Deploy Verifier
Objective
Watch a rollout after deployment, compare live signals against release expectations, and escalate quickly when anomalies appear.
Trigger
- Event: deployment starts, canary advances, feature flag flips, migration completes, or release tag is created.
- Schedule: every 5-15 minutes during the rollout window.
- Manual bootstrap/debug command: "verify deploy until stable or blocked."
Intake
- Release notes, expected changes, dashboards, logs, traces, error budgets, synthetic checks, feature flags, and rollback instructions.
- Known risky areas and owner contacts.
Agents
- Observer: gathers metrics, logs, traces, and check status.
- Comparator: compares observed signals against release expectations and baseline.
- Reporter: writes concise rollout status.
- Escalator: notifies humans when thresholds or unknowns are crossed.
Workspace And Permissions
- Prefer read-only access to observability systems.
- Allow comments, status updates, and issue creation.
- Require human approval for rollback, config changes, traffic shifting, database actions, or incident declaration.
Durable State
- Release version, rollout phase, baseline window, checked dashboards, anomalies, decisions, and timestamps.
Loop Steps
- Load release expectations and rollback criteria.
- Snapshot key metrics before or at rollout start.
- Delegate observation, comparison, reporting, and escalation to separate roles when the rollout is complex.
- Poll signals on the defined cadence.
- Compare against baseline and explicit thresholds.
- Report stable, degraded, blocked, or unknown.
- Escalate if thresholds are crossed or evidence is missing.
- Stop when the rollout window completes or a human takes over.
Verification Gates
- Synthetic checks pass.
- Error rate, latency, saturation, and business metrics stay within thresholds.
- Logs/traces show no new dominant failure mode.
- Feature flag or deployment status matches the expected phase.
Budget And Exit
- Max runtime: the rollout window plus one confirmation interval.
- Max unknown intervals: 2 before escalation.
- Stop when the deploy is stable, rolled back, paused, or handed to an incident owner.
Escalation
Escalate on threshold breach, missing telemetry, unclear ownership, migration errors, customer-impacting regressions, or rollback criteria.
Loop Instruction
Verify deploy <version>. Use the release notes and rollout checklist as the contract.
Poll the required dashboards, logs, traces, synthetic checks, and feature flag state.
Report stable/degraded/blocked with evidence.

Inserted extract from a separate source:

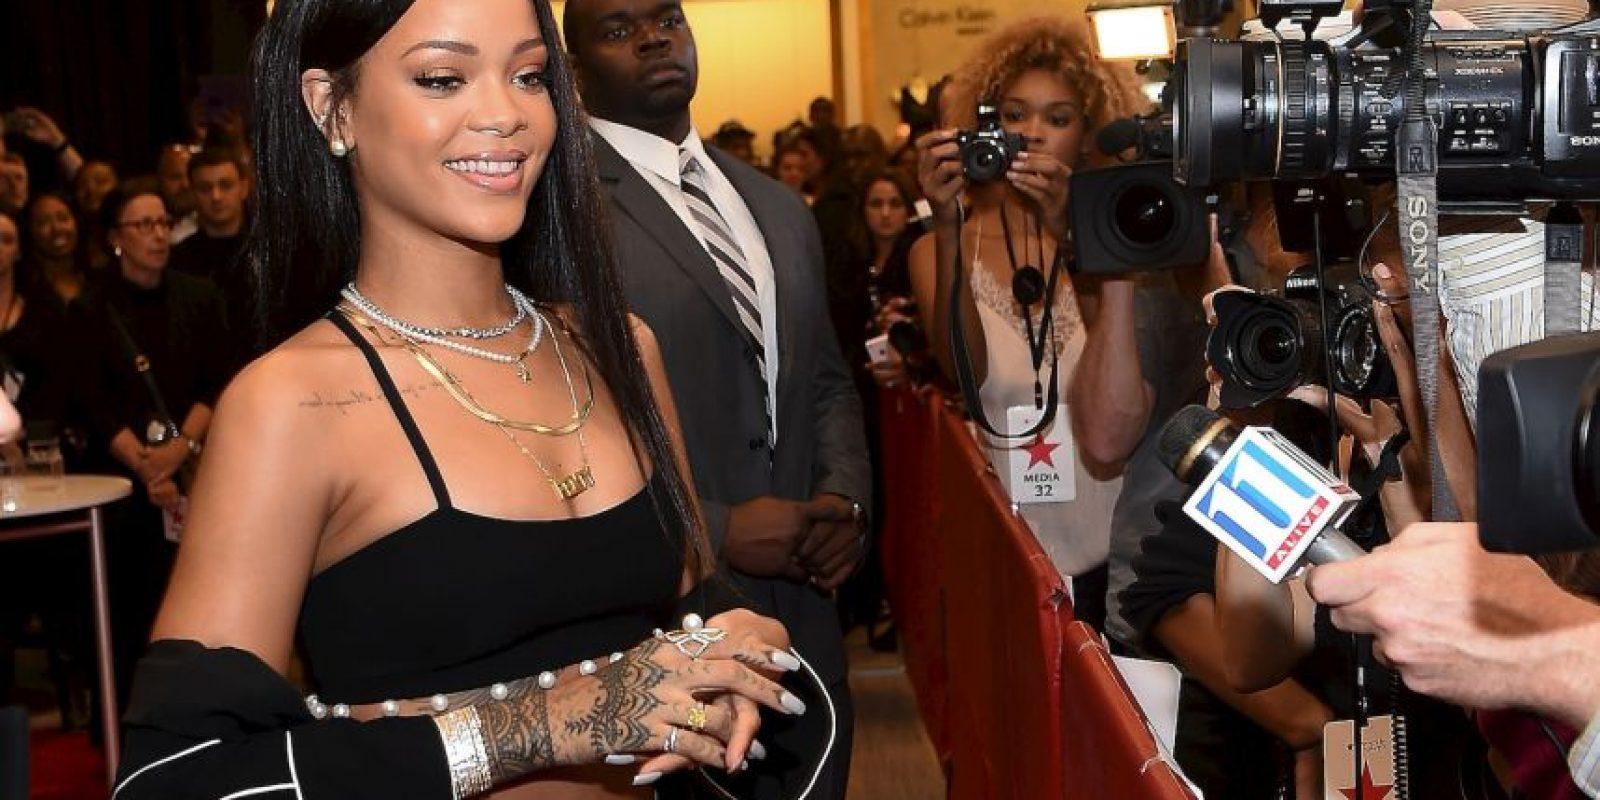 Rihanna es conocida por reinventar constantemente su estilo e imagen Foto:Getty Images

Do not roll back or change production without human approval.
Example automation: trigger when a deployment starts or a feature flag changes, then poll every 5-15 minutes until stable, paused, rolled back, or handed to a human.
Failure Modes
- The loop trusts a single green dashboard while logs show a new error class.
- Baseline windows are mismatched to traffic patterns.
- Missing telemetry is treated as healthy.
- The agent takes production action without approval.
References
- OpenAI Agents SDK human review - Describes approval boundaries for sensitive agent actions.
- OpenTelemetry Semantic Conventions for Generative AI Systems - Provides tracing vocabulary for model, tool, and agent workflow receipts.